--- Available data Enclosed Below ---
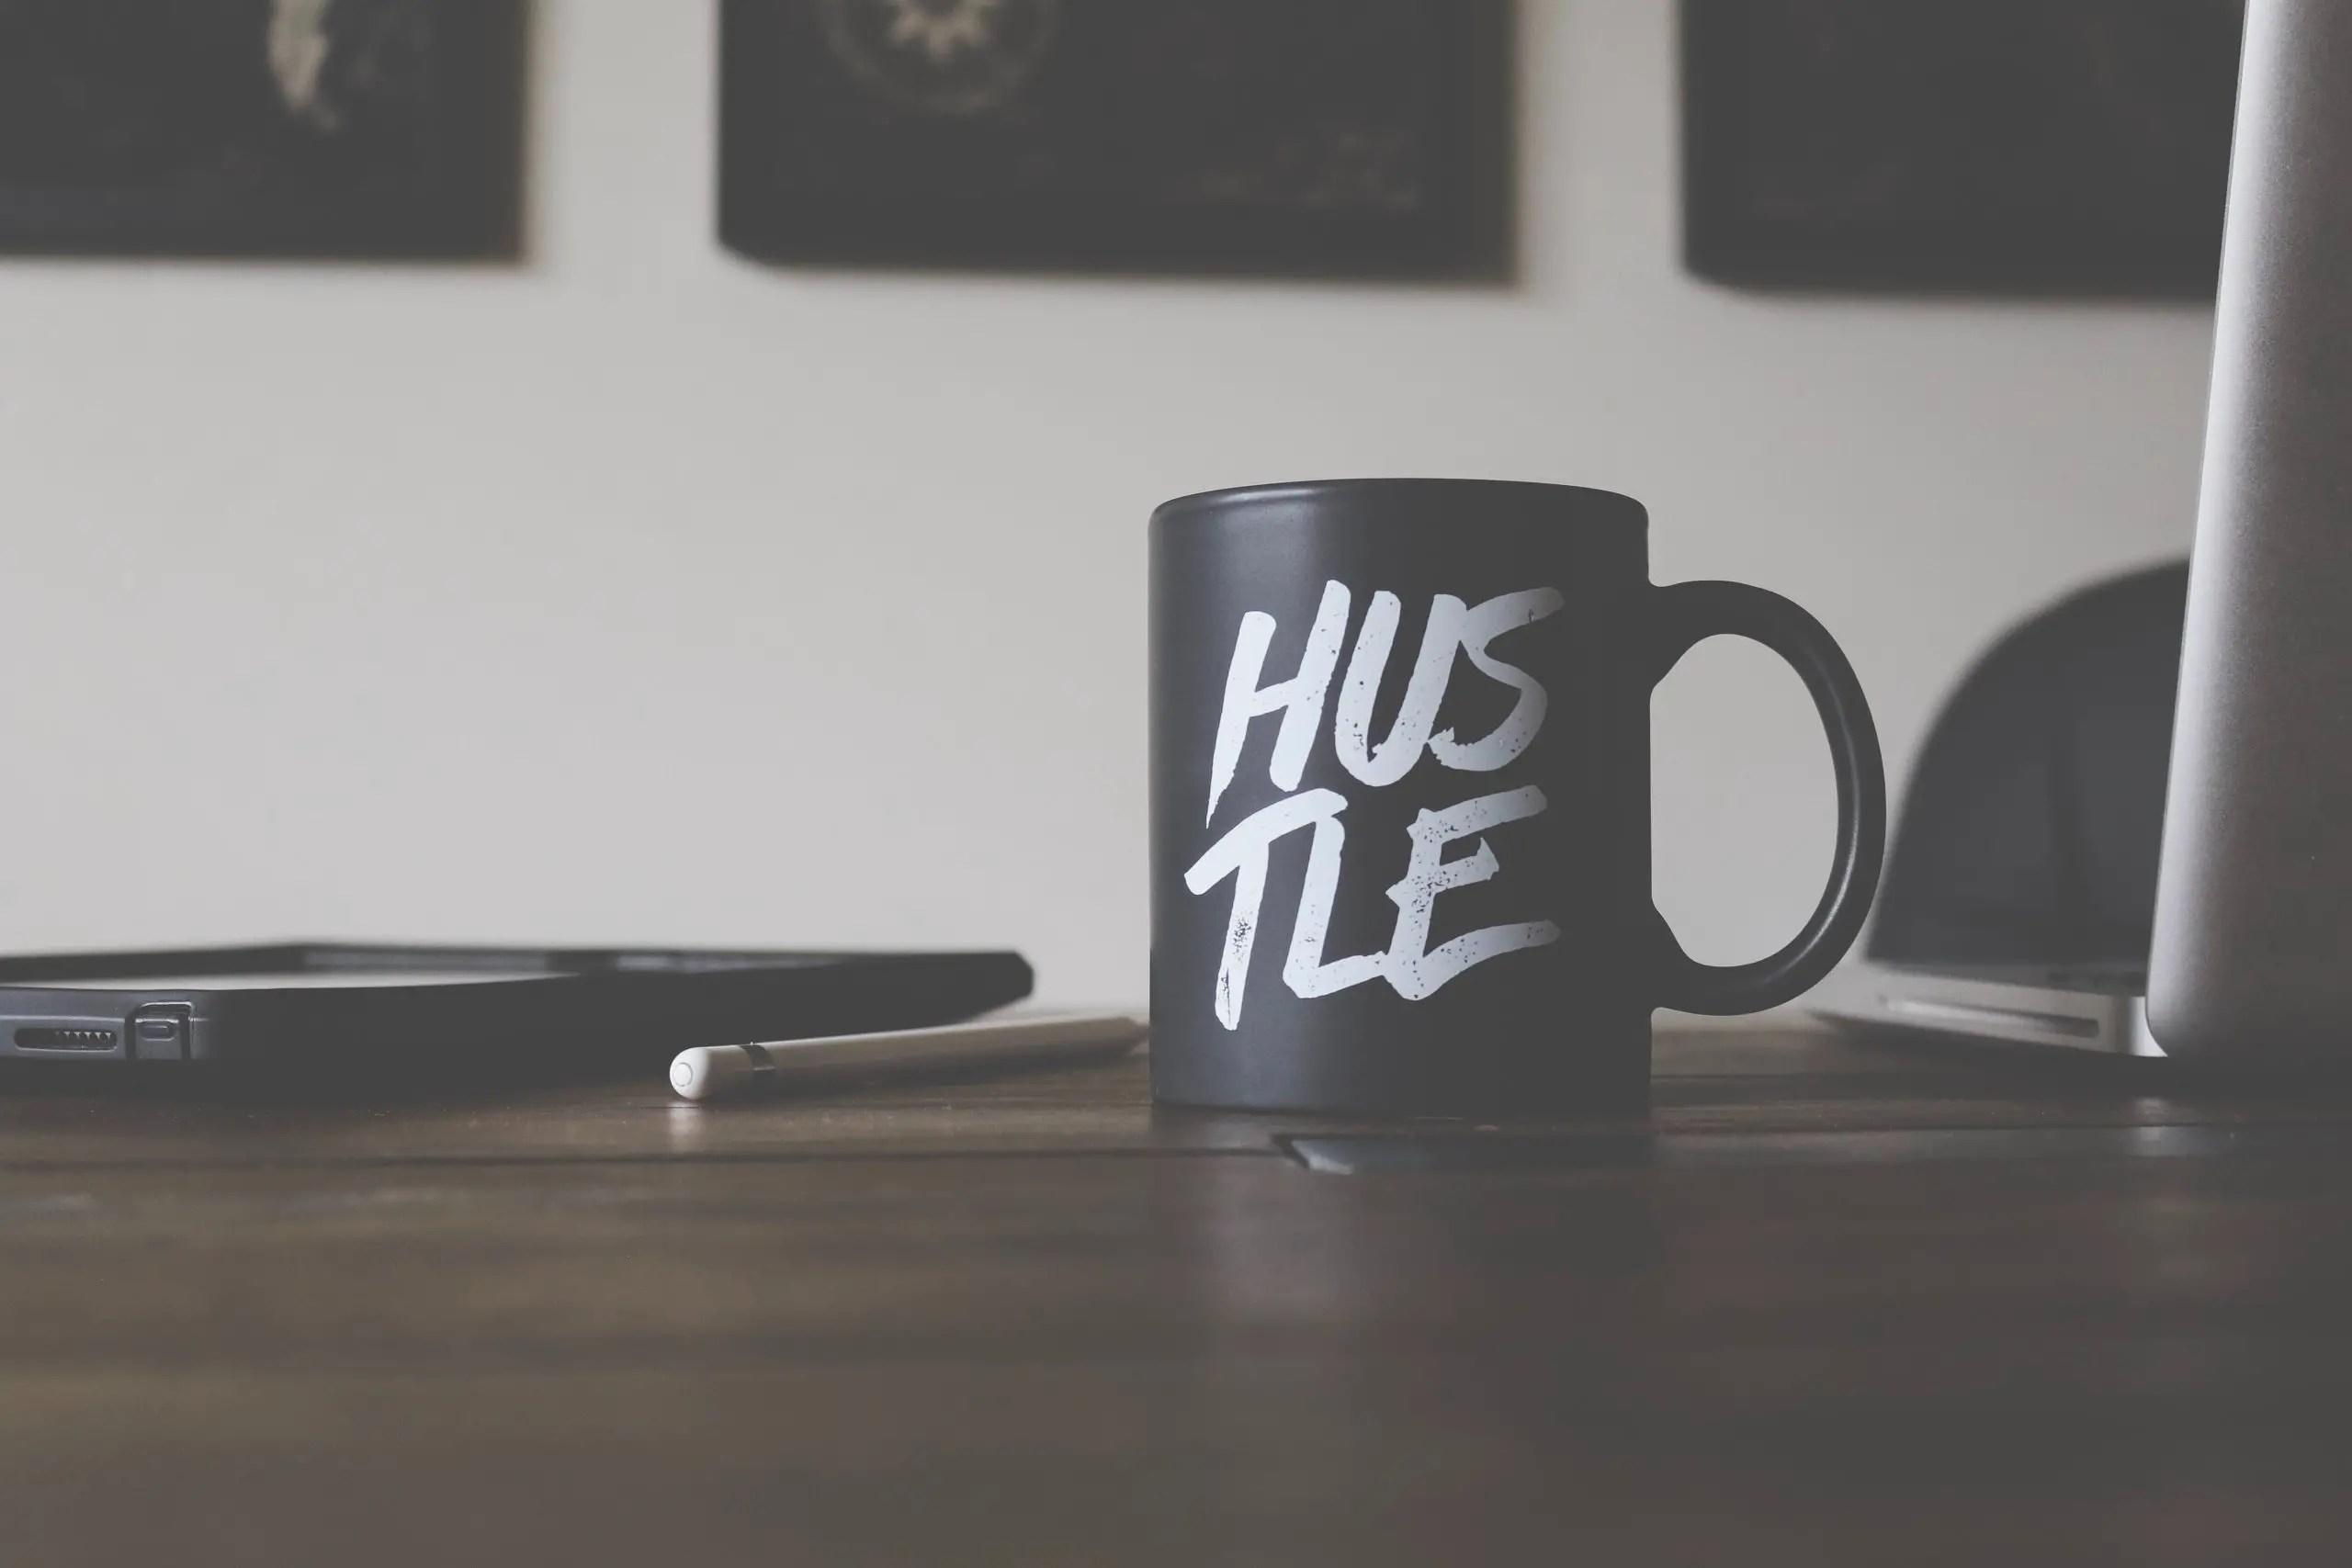 Hustles for developers
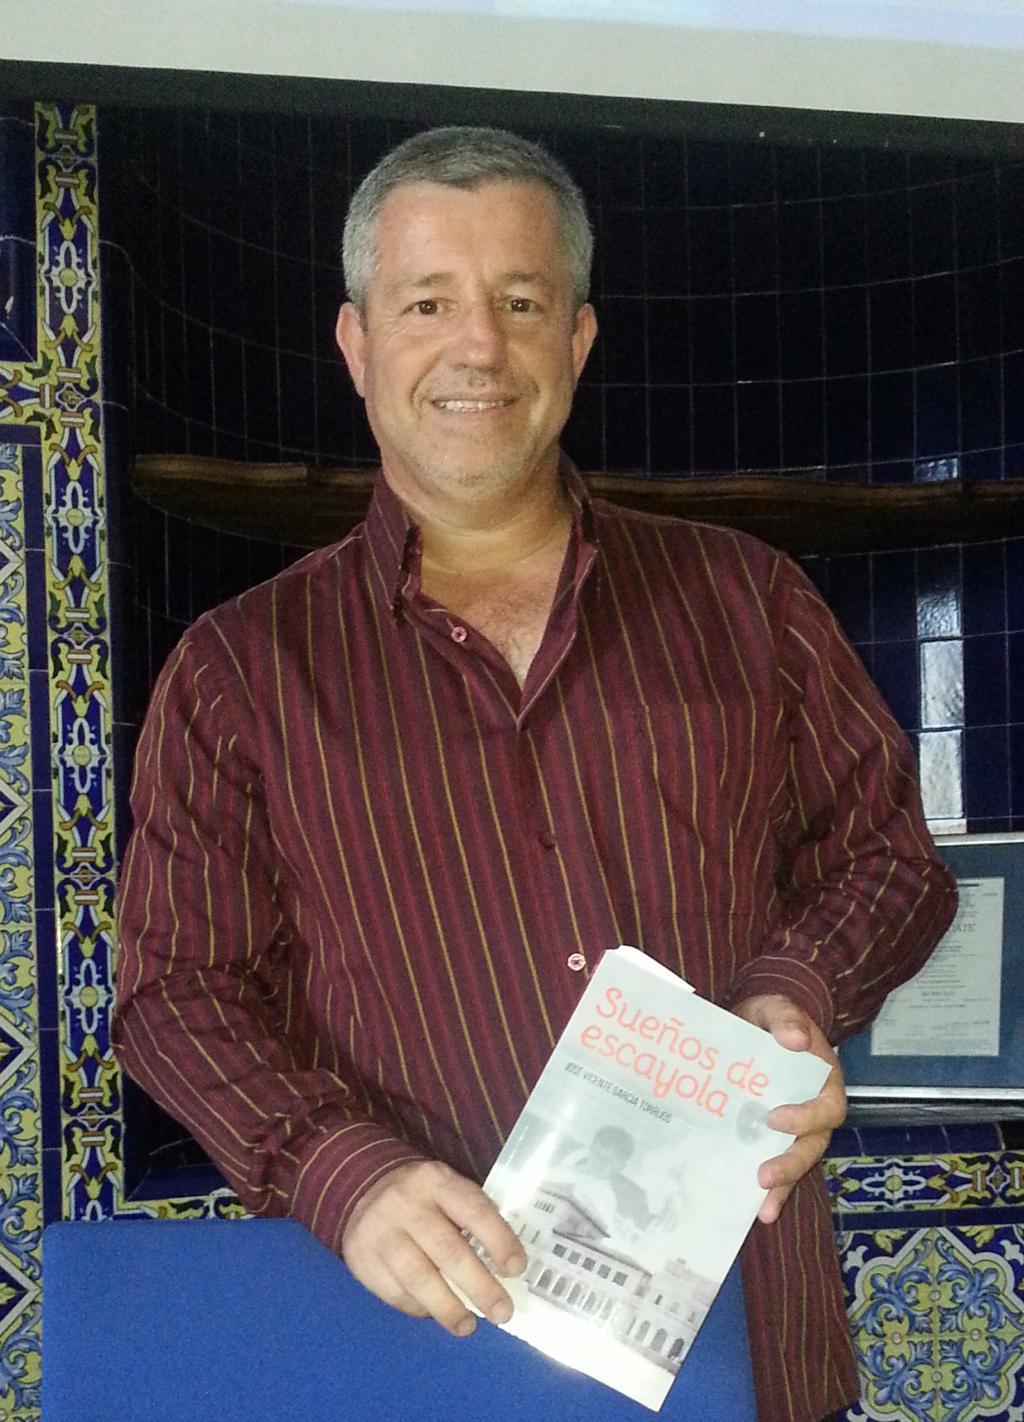 José Vicente posando con su libro / Foto: Alejandro Piquero Serrano
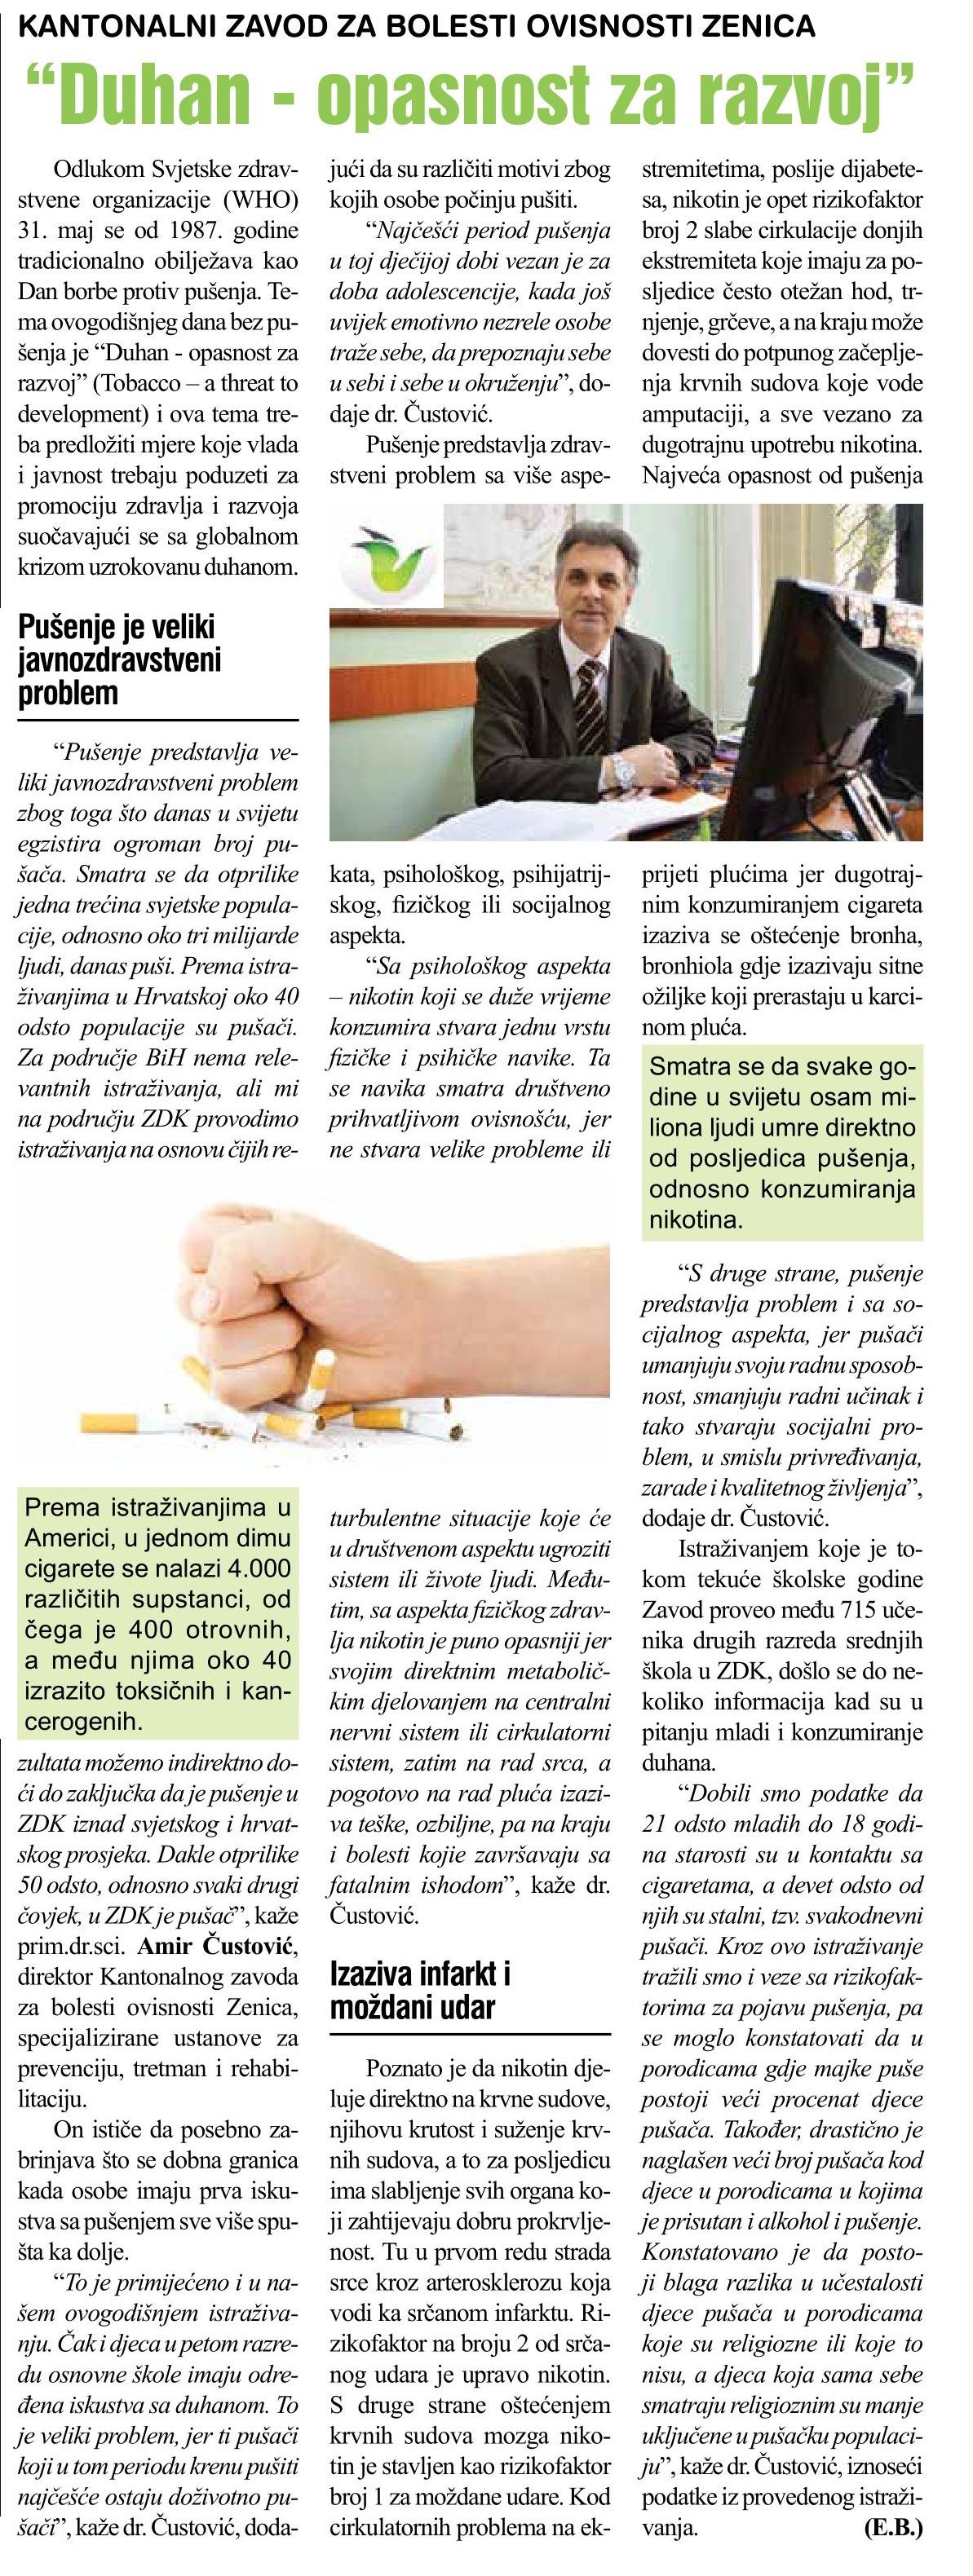 Članak u Našoj riječi prilikom 31.5.2017 godine - Svjetskog dana nepušenja duhana
--- End of Enclosed Available data ---
Work instruction:
With pictures omitted, reproduce exactly the lines from the line containing "José Vicente posando" through the end of the data above.

Answer box:
 José Vicente posando con su libro / Foto: Alejandro Piquero Serrano
 Članak u Našoj riječi prilikom 31.5.2017 godine - Svjetskog dana nepušenja duhana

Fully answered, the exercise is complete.